CBCT-Based Morphometric Clustering for Orthodontic Diagnostics Using PCA and K-Means: An Explainable AI Workflow

Background: Cone-beam computed tomography (CBCT) enables three-dimensional assessment of craniofacial structures; however, translating multiple inter‑correlated measurements into diagnostic insight remains challenging. Objective: To present an explainable engineering workflow combining principal component analysis (PCA) and K‑means clustering to identify skeletal Class II phenotypes in adults.

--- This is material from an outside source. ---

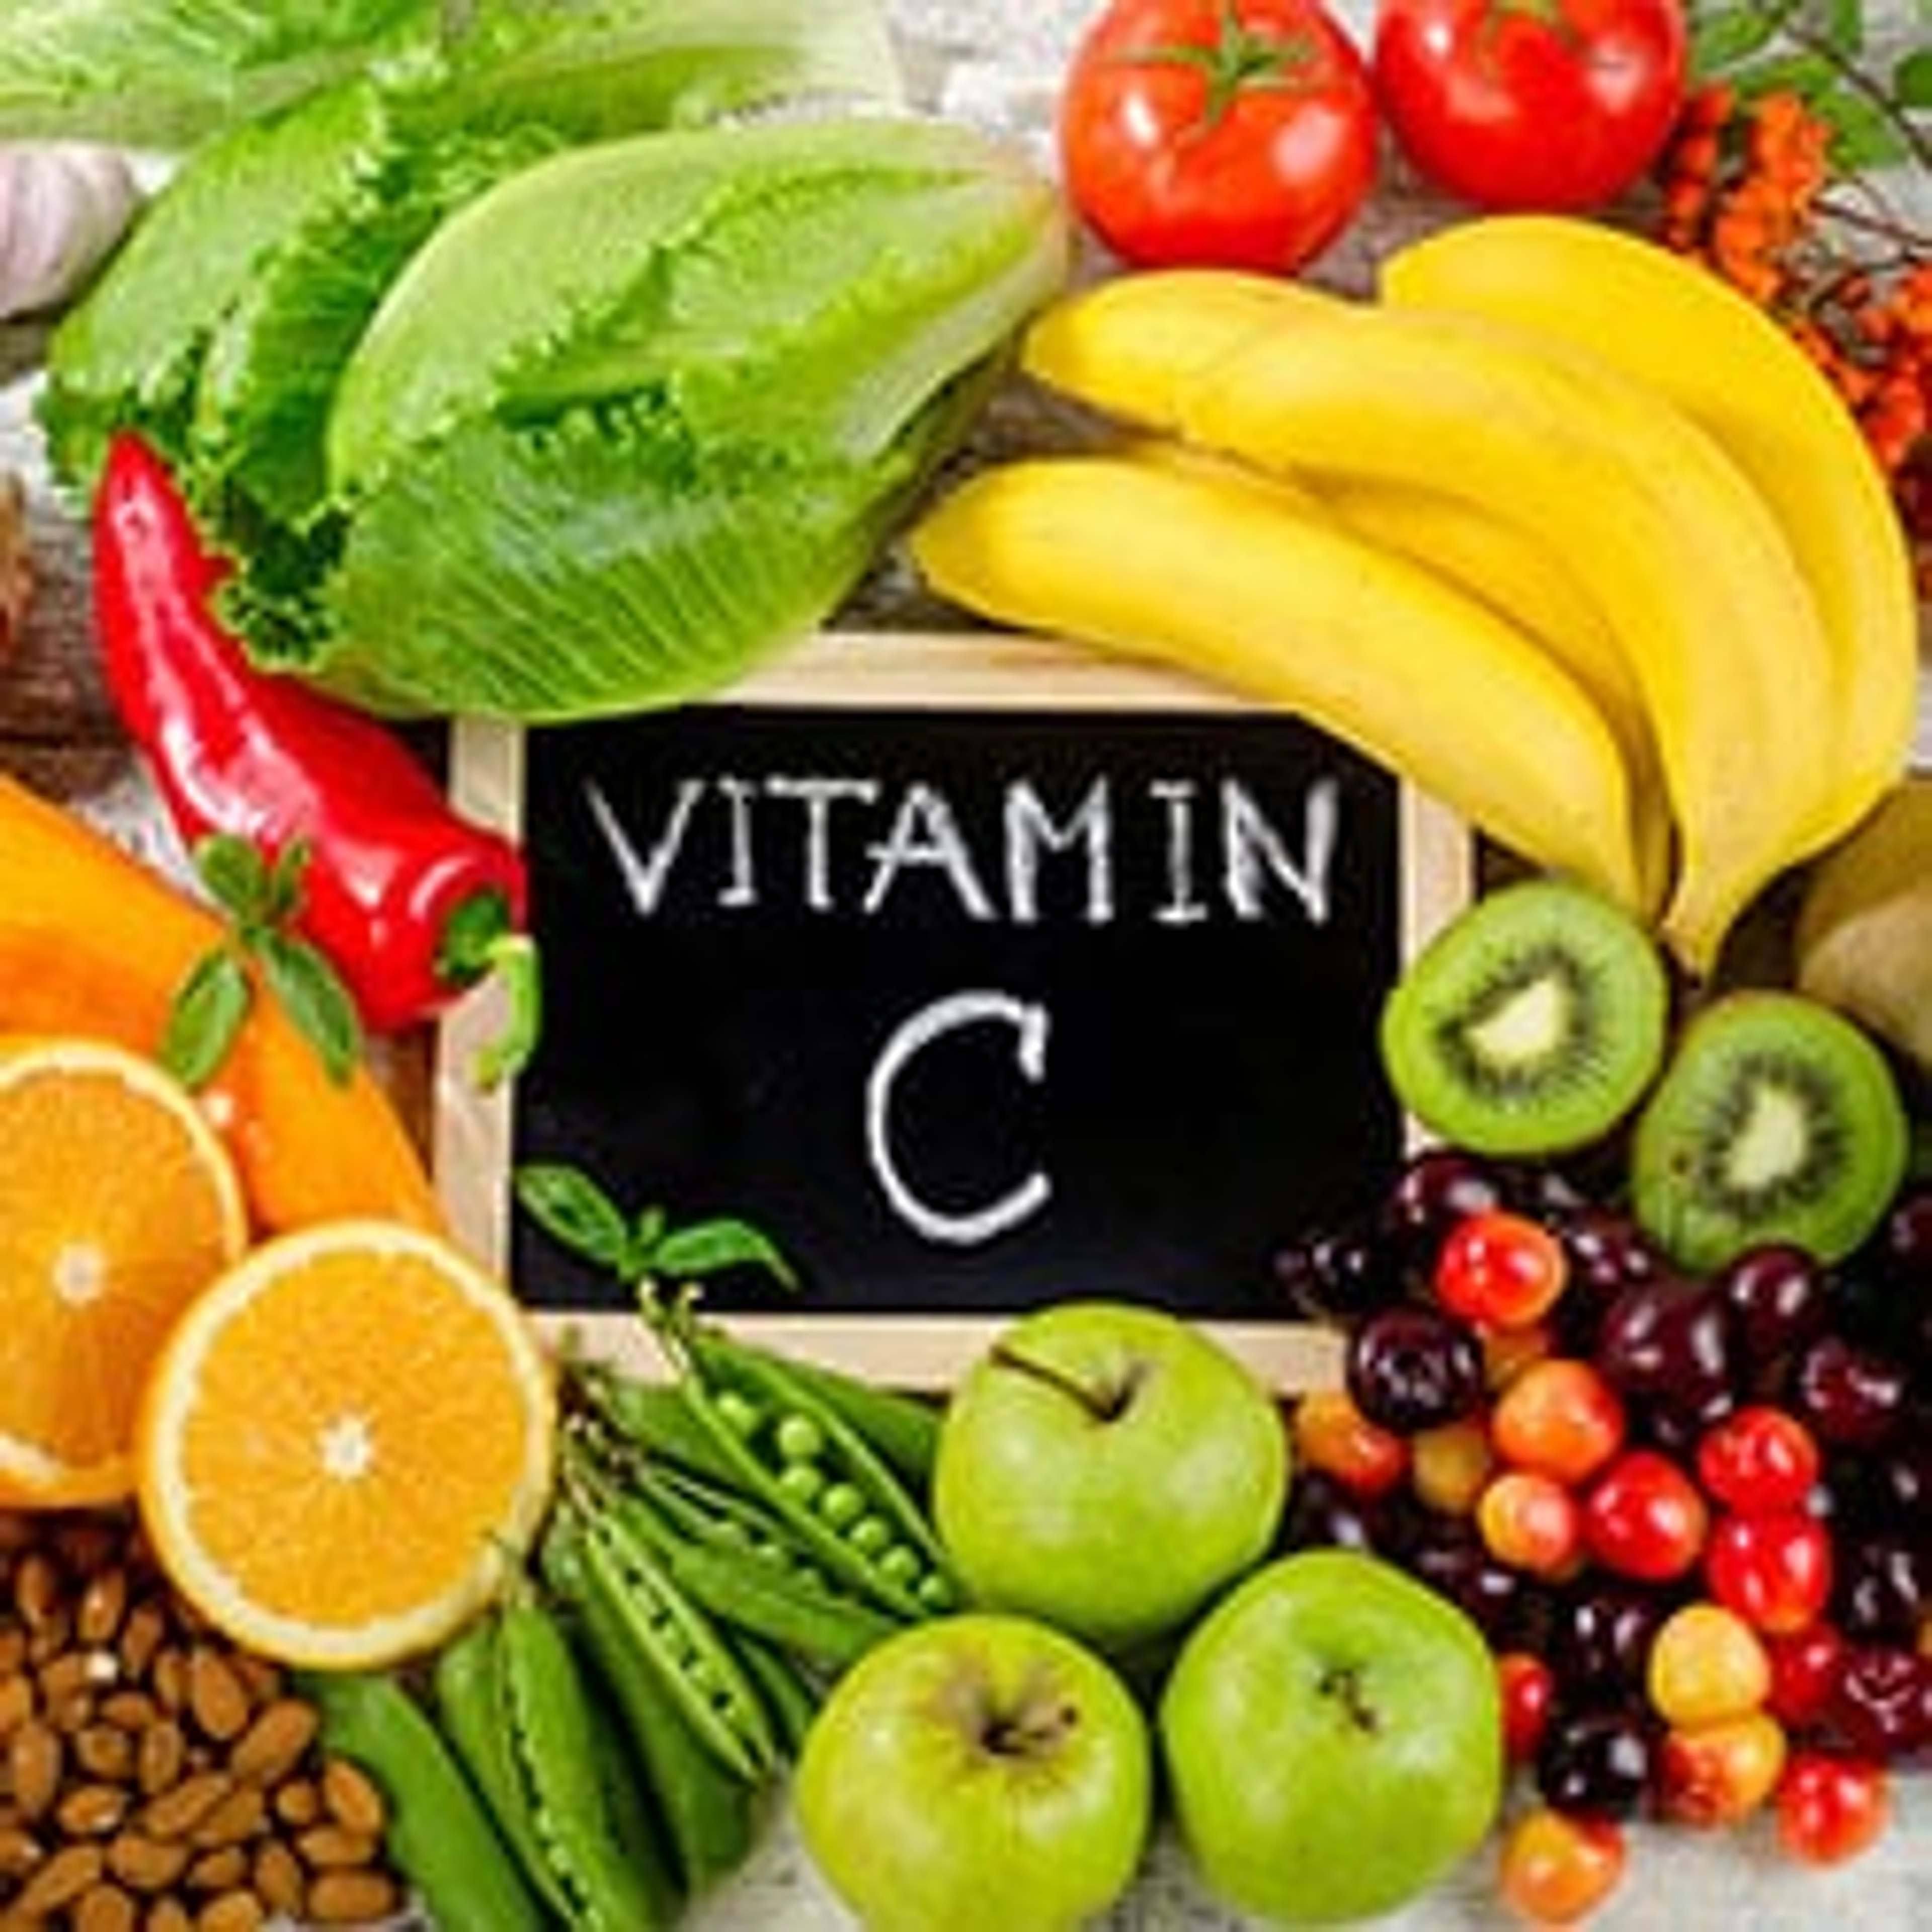 Vitamin C - Doesn't just strengthen the immune system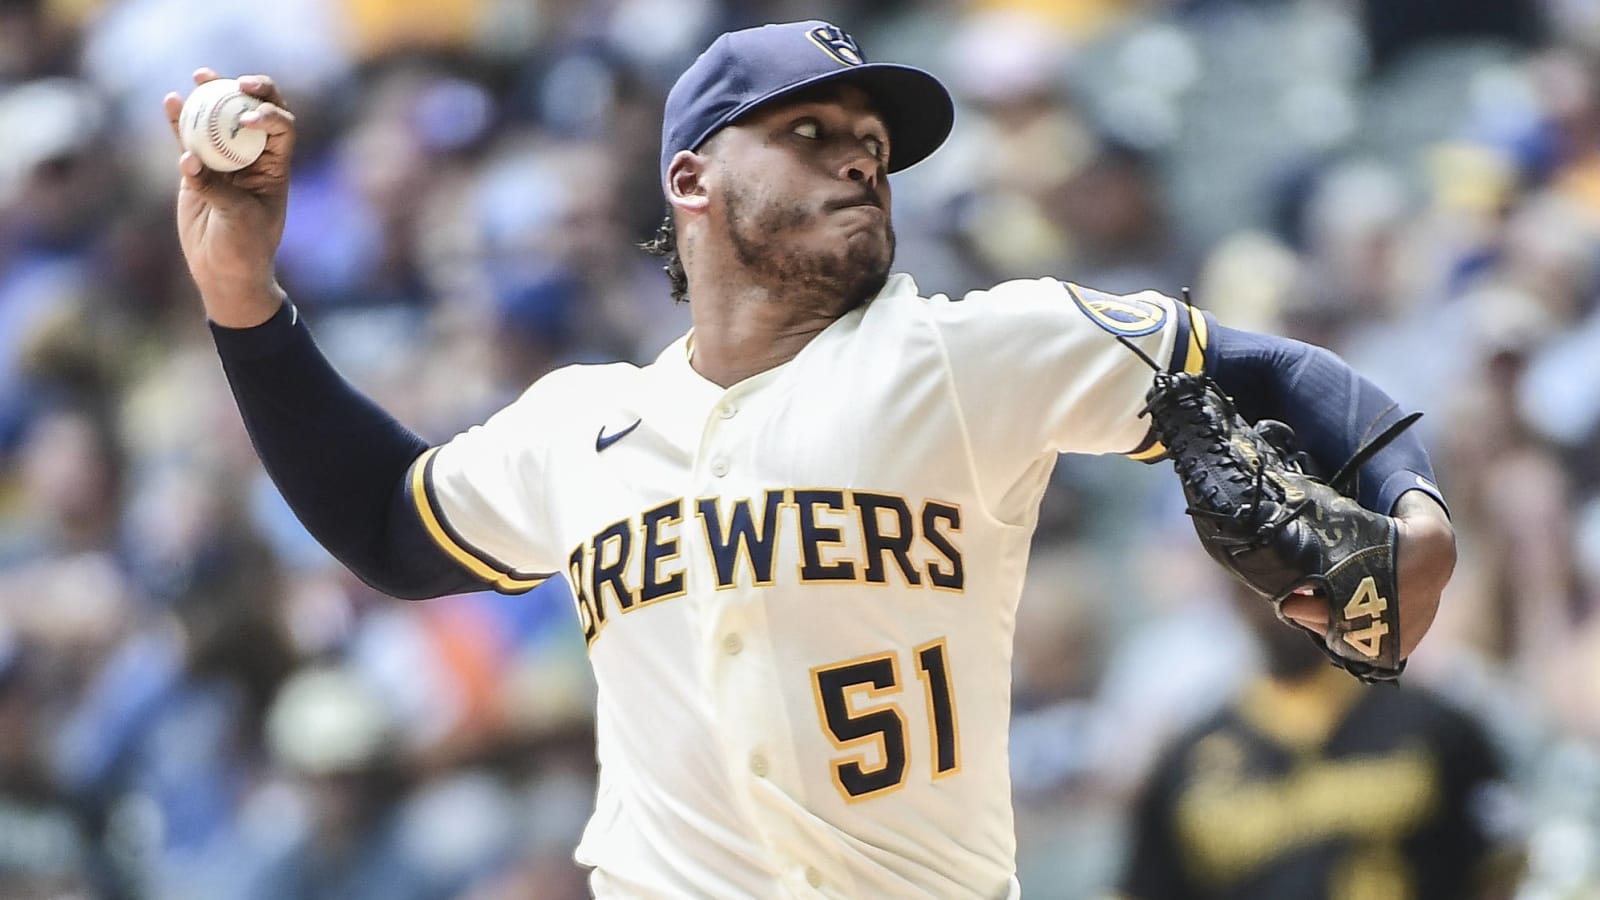 Brewers All-Star SP Freddy Peralta headed to IL with shoulder

Methods: Sixty‑three CBCT variables from 120 Yemeni adults were standardized, reduced via PCA, and clustered (k = 2–8). Internal validity was evaluated with silhouette and Davies–Bouldin indices and stability across multiple random starts; phenotypes were mapped to clinical strategies. Results: Seven components explained ≈60% of variance. A five‑cluster solution balanced cohesion, separation, and clinical interpretability, delineating deep‑bite and open‑bite tendencies, mandibular retrusion patterns, and incisor‑protrusive phenotypes. Solutions were stable across seeds and simple demographic strata. Conclusions: The PCA→K‑means pipeline provides a transparent, reproducible framework for AI‑assisted orthodontic diagnosis and phenotype‑based treatment planning, aligning with biomedical imaging and radiomics workflows.